Moreover, a plan for EV charging stations in Finland is aimed at improving the installation of stations, which are currently being set up sporadically by a number of charging companies. This will make it easier for EV users to confirm the location of charging stations. The use of an API also will enable the development of a System of Systems.
Three projects in the Brussels-Capital Region
|Ensuring safety in the vicinity of schools||Wi-Fi networks, smart phones, and other devices are being used to understand traffic flows and improve traffic safety in the vicinity of schools.|
|Promoting safe cycling and saving cyclists time||Sensors are being installed on cycling tracks to collect data on bicycle riders and encourage safe riding as well as reduced commute times.|
|Improving the circulation of emergency vehicles||Smart data is being utilized to improve the efficiency of emergency vehicles of fire trucks and ambulances by guiding them to uncongested routes.|
EV charging system project in Helsinki
|Current condition||Currently, two leading companies and several small to medium size firms are operating EV charging stations in Finland, with each company is operating their own charging poles, authentication, and payment systems. In many cases, each charging company requests users register in their own system before using the station, and also charge them for it.|
|Since EV manufacturers do not know the location of all charging stations, drivers can only get limited information (location and operating calendar) with on-board systems. As a result, there are less than 3,000 EVs in Finland (the goal is for there to be 250,000 by 2030).|
|In Northern Europe, there are already facilities for pre-heating cars during the winter, and these can be converted to charging stations with minor modifications (or without modifications). This is also contributing to the situation noted above where EV manufacturers do not have a complete knowledge of the location of charging stations.|
|Direction of innovation||The bIoTope project enables the building of an open platform that all charging companies can participate in with an API. This will allow EV drivers to access station information for a wider area and utilize the stations without concluding a new agreement or registering. Reducing concerns over range will also lead to increased sales of EVs.|
Integrating bIoTope, traffic management, and autonomous driving to achieve intelligent traffic
The bIoTope project, which is being promoted by the E.U. with the participation of BMW, is outlined above.
BMW is also promoting "Traffic Management 2.0" with TOMTOM and other providers.
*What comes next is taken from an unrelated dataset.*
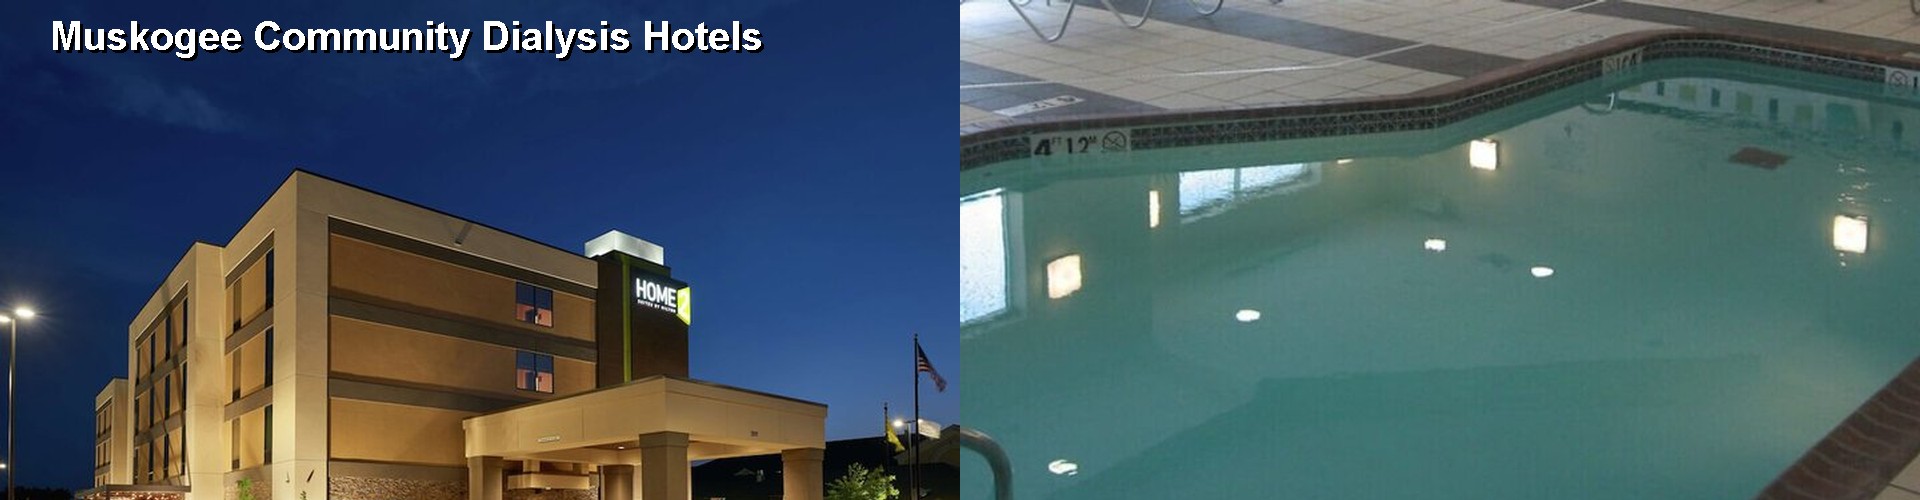 5 Best Hotels near Muskogee Community Dialysis

As a conclusion of his speech, Mr. Rothhartdt mentioned that the company is aiming for "Intelligent Traffic Management" through the integration of all these projects, as they are expecting autonomous driving to be realized in the near future.
Traffic Management 2.0
The Traffic Management 2.0 project was started upon receiving the approval of ERTICO - ITS Europe in 2014 and is being led by leading map navigation provider TOMTOM.
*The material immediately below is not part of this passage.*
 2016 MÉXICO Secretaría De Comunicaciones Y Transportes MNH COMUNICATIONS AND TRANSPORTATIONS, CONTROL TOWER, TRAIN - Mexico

The aim of this project is to realize efficient traffic management by coordinating traffic managers (traffic policy authorities), providers of mobility services like navigation, and vehicles on the road.
As a part of this project, the LENA4ITS project is being carried out by the state capital of Frankfurt am Main, city traffic authorities, BMW and TOMTOM in the state of Hesse, Germany. Based on the conclusion that traffic managers and service providers like TOMTOM are not always cooperating closely enough, means to reflect the strategies of the authorities (overall city traffic strategy, in detail, the time allocation of red, green, yellow signals) in services were considered. The degree of cooperation was divided into four levels to provide comprehensive route information in consideration of the capacity and capability of roads.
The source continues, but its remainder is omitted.